Sugar: the devil du jour
Brian St. Pierre knew things had gone too far when a client emailed him three times in one day asking for advice on his salsa purchase. The client feared the sugar content would derail his health goals. “Dude, it’s salsa,” thought St. Pierre, a registered dietitian in Scarborough, Maine, and director of performance nutrition at Precision Nutrition. “[Buy] whatever kind you like.” Others are suffering from sugar phobia, too. “Back in the ’80s, it was anti-fat, and now it’s anti-sugar,” says Joy Dubost, a registered dietitian and food scientist in the District of Columbia. And while sugar isn’t a health food, it can have a place in a healthy diet. Here’s when and why:
1. It’s in its natural form.
Panicking about naturally occurring sugars in fruits, vegetables and dairy is missing the point for most people. After all, sugar’s contribution to conditions like obesity, heart disease and diabetes has more to do with its abundance in diets filled with highly processed foods. Plus, many factors, including smoking and a lack of physical activity, contribute to chronic disease risk. “Things aren’t black or white,” St. Pierre says. If you are trying to rein in your sugar intake, swap in more natural forms — say, whole fruits instead of juice, suggests Dr. Michael Clearfield, dean of Touro University California College of Osteopathic Medicine. “Try to eat foods as you would have 100 years ago,” he says.
2. It’s a minor part of your diet.
Eating a doughnut for breakfast, a candy bar for a snack and a soda for a pick-me-up is one (not so healthy) thing. Eating overnight oats with brown sugar for breakfast, dried fruit for a snack and tea with honey for a pick-me-up is another (perfectly reasonable) thing. “The recommendations [say] you should have no more than 10 percent of total calories coming from added sugar,” Dubost says. The average American consumes 13 percent. If that’s you, focus on limiting sugar-sweetened beverages and baked goods like cookies and cakes. Then, step up your label-reading game. To your body, “natural” sweeteners like agave are no different from artificial sources like high-fructose corn syrup, Dubost says.

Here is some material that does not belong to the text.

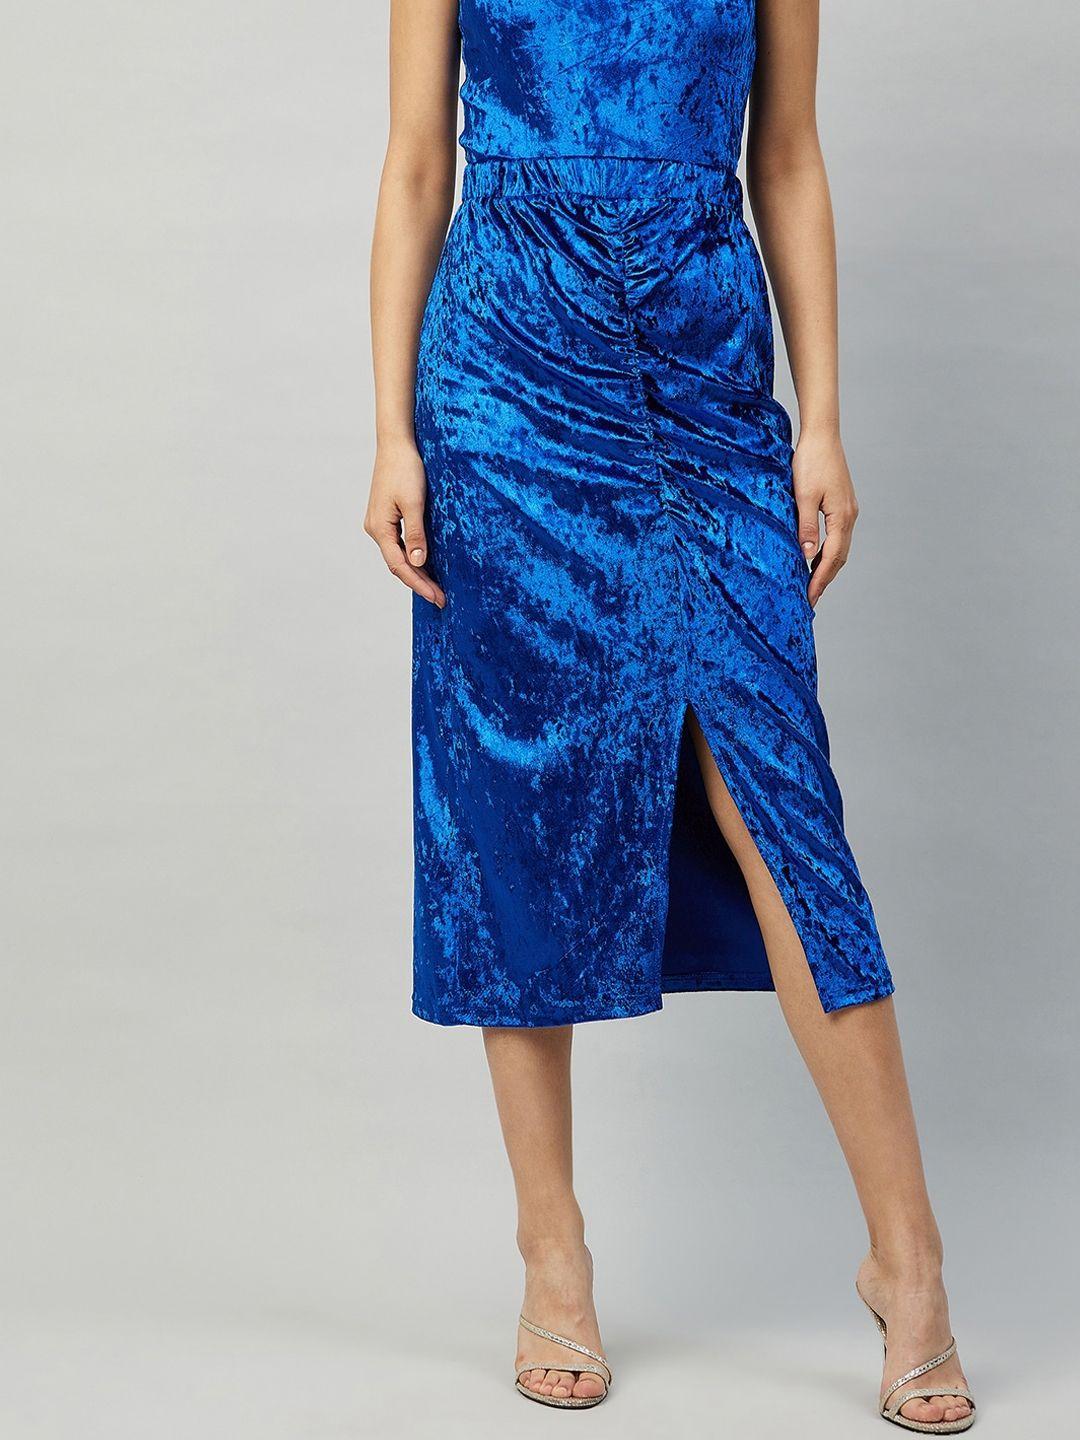 carlton london women blue solid midi pencil skirt
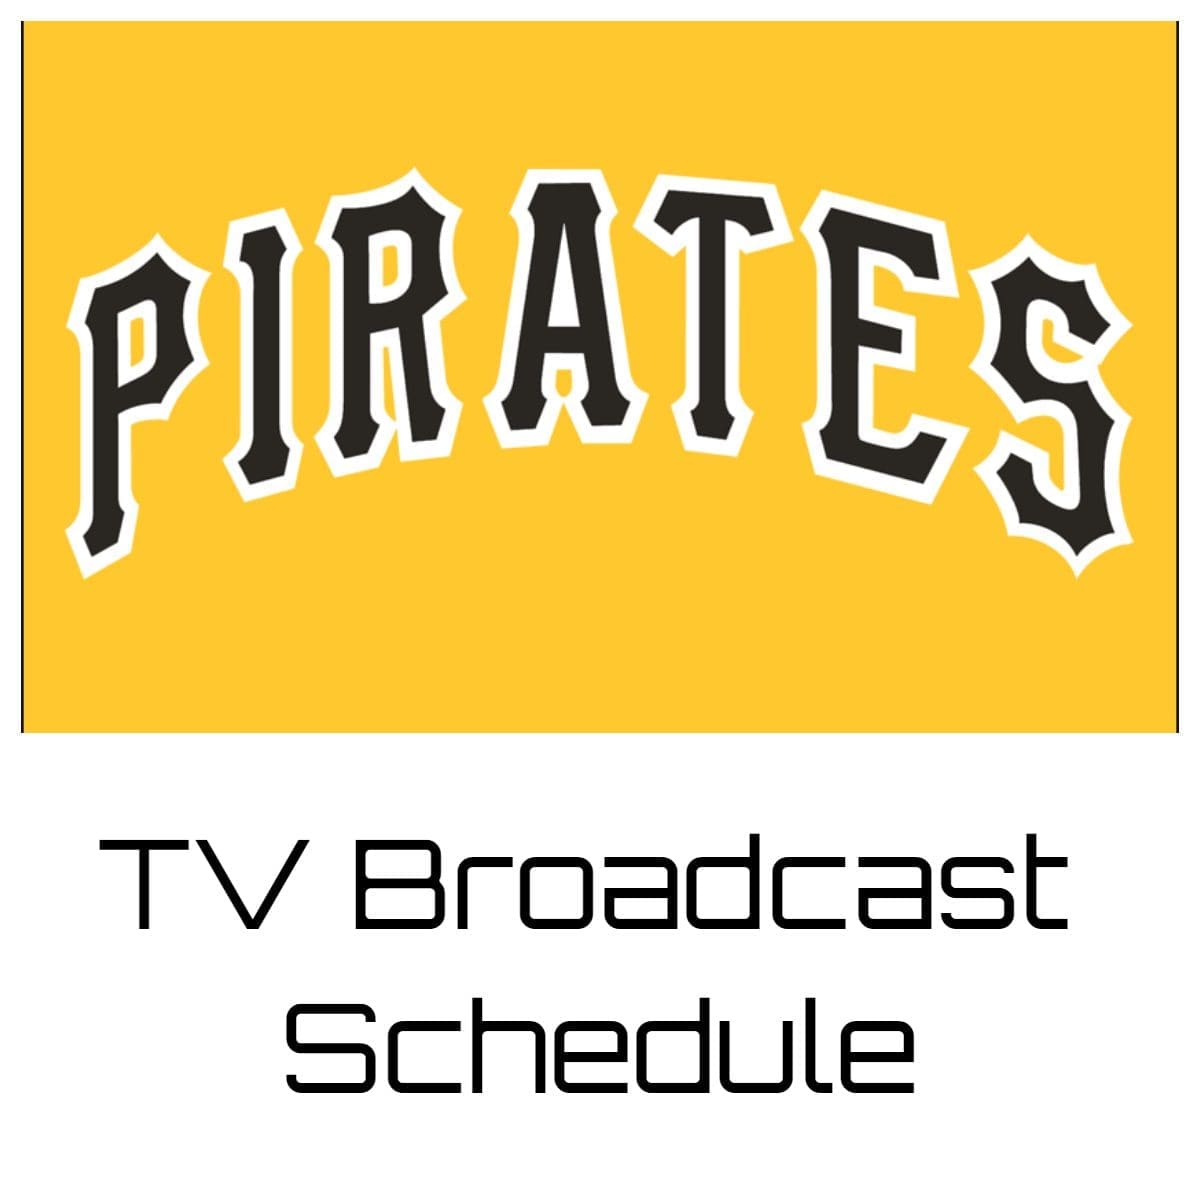 Pittsburgh Pirates TV Broadcast Schedule

3. It makes healthy food palatable.
Would oatmeal topped with any other seasoning taste as sweet? Would salad without honey mustard make the menu? Does a spoonful of sugar really help the medicine go down? Just like when people obsess about eliminating carbohydrates, “if a few croutons helps someone eat their vegetables, I’m OK with that tradeoff,” says St. Pierre, also a strength and conditioning coach. After all, sugar is in our food supply for a reason, Dubost says. “We all inherently love the sweet taste of sugar; however, sugar plays roles in other ways,” she says. “It can enhance other flavors, it plays a role in color development of products … and it also helps to stabilize food.”
4. You need quick fuel.
There’s a reason hunter-gatherers aren’t just called hunters: They needed quick, accessible sources of fuel (think berries) to keep them running until they killed their dinner. Same goes for modern-day folks who engage in any type of physical activity — be it a marathon or a long family bike ride — for more than a few hours. “You want things that are more easily digestible that provide ready-to-use energy,” St. Pierre says. Read: not carrots or a chicken breast. Even some fruits can be too fibrous to digest comfortably while in motion. Plus, there’s the practicality factor. “You’re not going to bring oatmeal with you on a hike that’s six hours,” St. Pierre says.
5. It’s not your default response to negative emotions.
So you had a bad day and want a chocolate chip cookie. That’s human nature. “No one is reaching for a boiled potato when they feel that way,” St. Pierre says. Occasionally answering that call doesn’t have to be a big deal — if you can say, “I’m making an informed choice, I’m eating this to help me feel better, I’m going to eat it slowly and stop when I’m satisfied,” St. Pierre says. If one cookie inevitably leads to 10 or if food is your only coping mechanism, however, consider working with a professional to develop other skills. “Eating the cupcake every day isn’t the answer,” St. Pierre says. “Dose matters and consistency matters.”
6. It’s part of a meaningful social experience.
Whether it’s getting in line for a slice of grandma’s famous pie at Thanksgiving, licking an ice cream cone with your kid at the beach or getting to know coworkers over syrupy barbecue ribs at a company cookout, sometimes, the health benefits of strong relationships and positive life experiences outweigh the health consequences of added sugar. “Keep your life picture in mind; nutrition is not the be-all, end-all — it’s to help you live a meaningful, joyful life,” St. Pierre says. “There’s a big social component to eating a meal with somebody. You’re going to have less-than-ideal things in those scenarios. Be aware of that; be OK with that.”